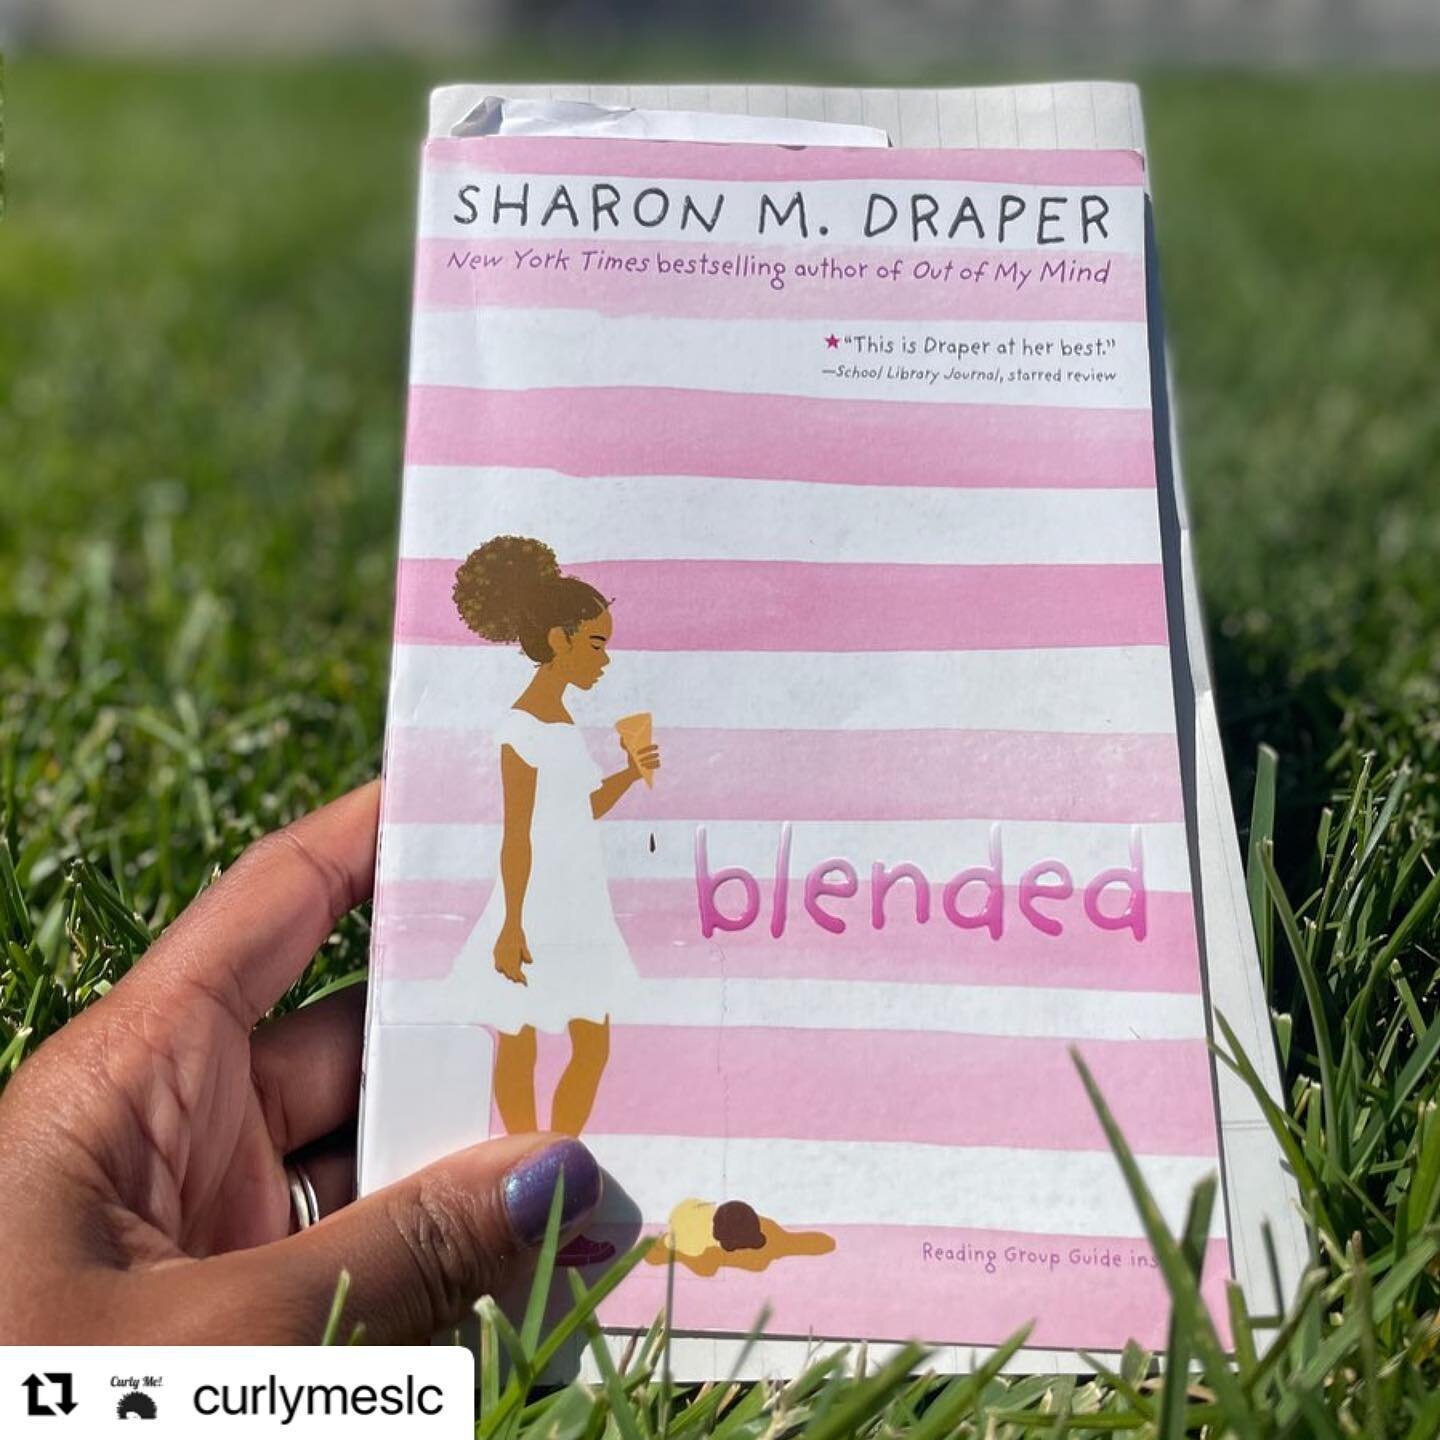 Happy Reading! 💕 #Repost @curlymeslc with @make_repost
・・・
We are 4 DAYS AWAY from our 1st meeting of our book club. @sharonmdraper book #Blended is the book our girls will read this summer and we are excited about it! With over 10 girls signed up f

* * *

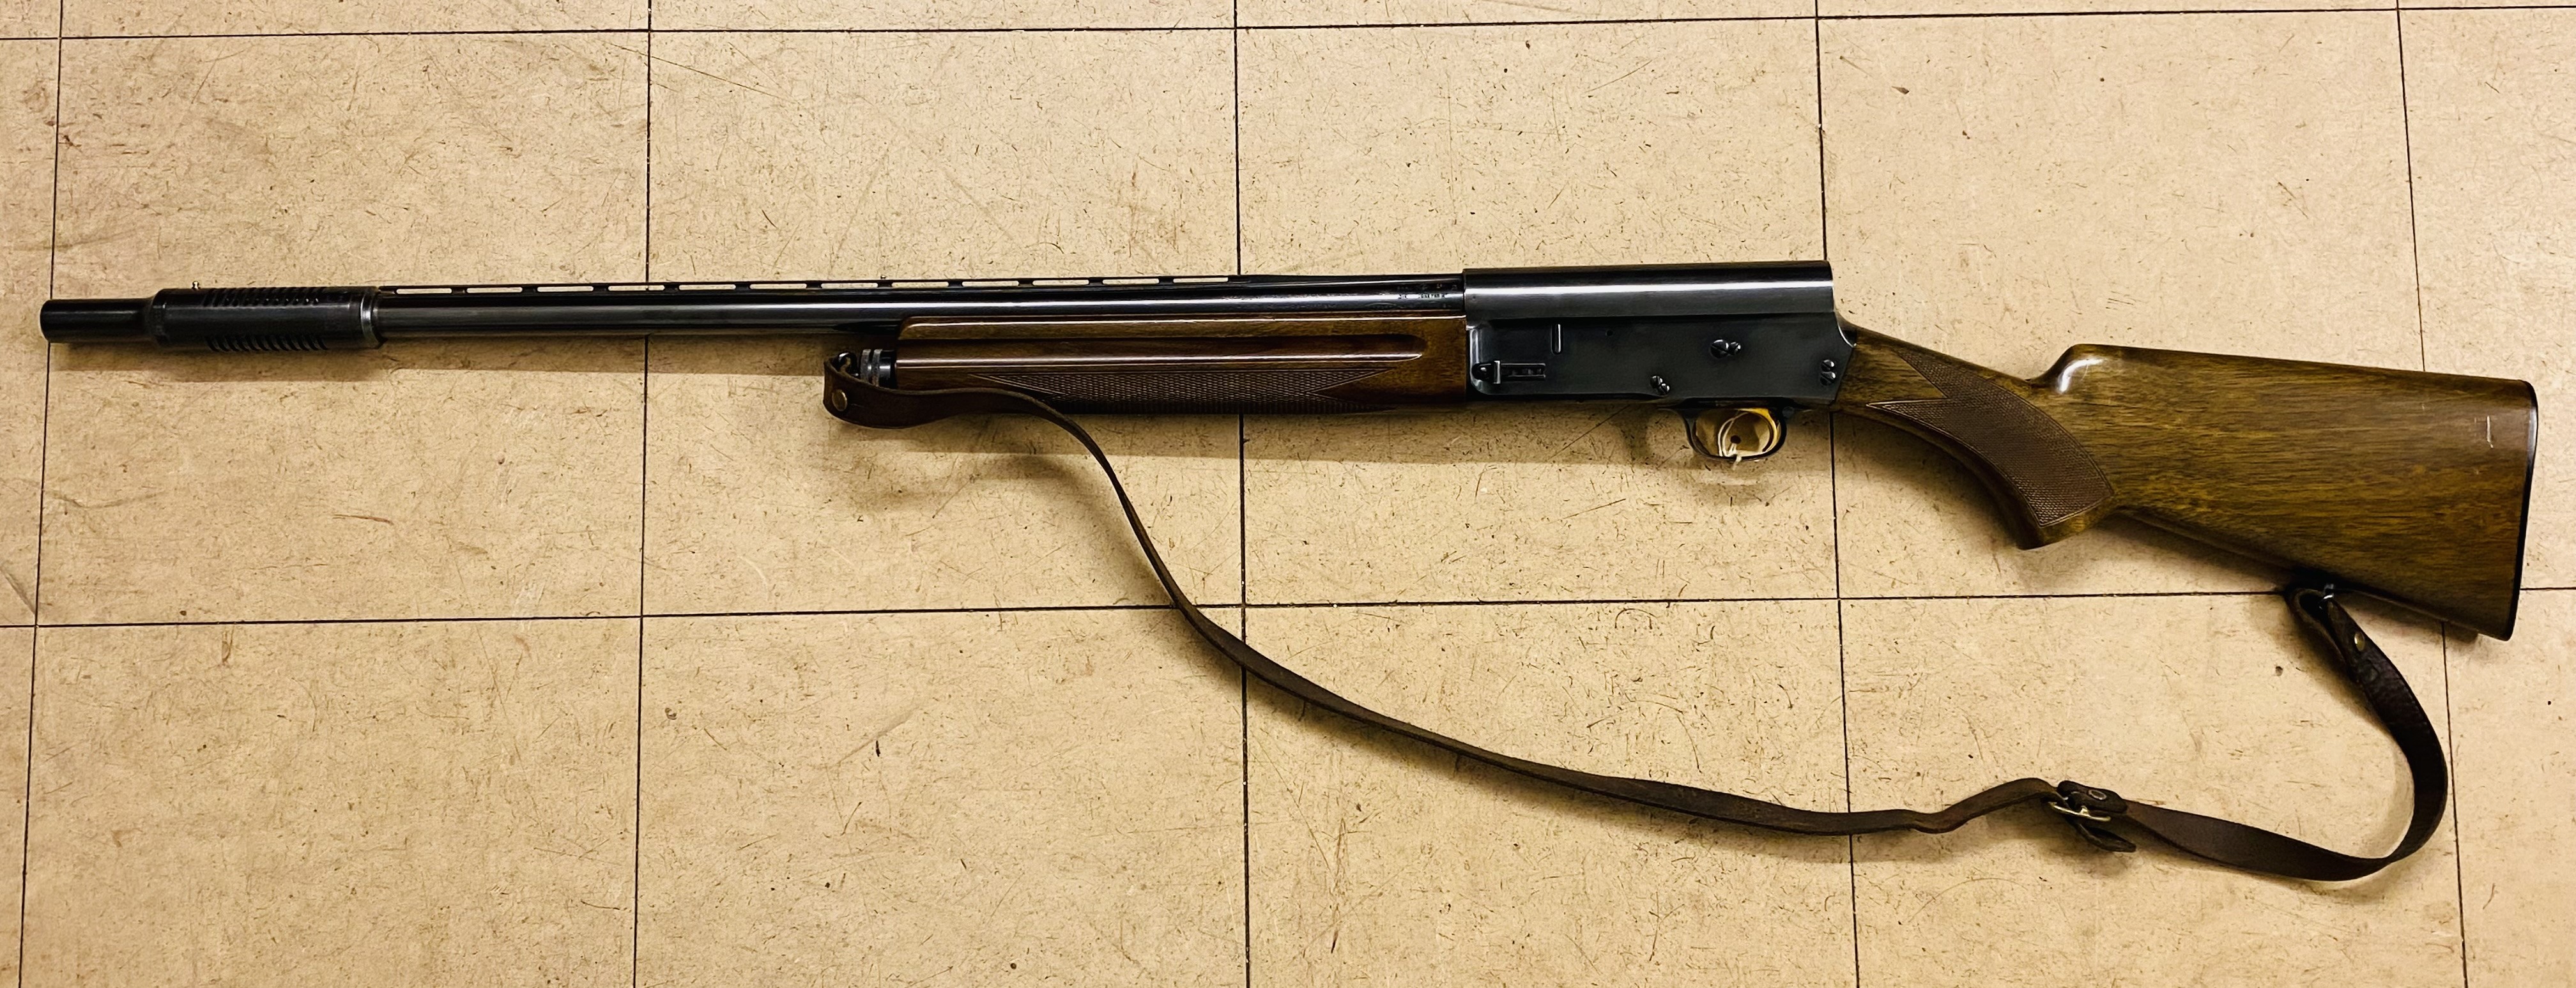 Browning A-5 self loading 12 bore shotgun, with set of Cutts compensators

Problem statement ▸ Pictures in the entries do not go into the copy. Print only the lines starting at the one containing "Happy Reading! 💕" and ending at the one containing "We are 4 DAYS", exactly as they appear.

Task response ▸
 Happy Reading! 💕 #Repost @curlymeslc with @make_repost
・・・
We are 4 DAYS AWAY from our 1st meeting of our book club. @sharonmdraper book #Blended is the book our girls will read this summer and we are excited about it! With over 10 girls signed up f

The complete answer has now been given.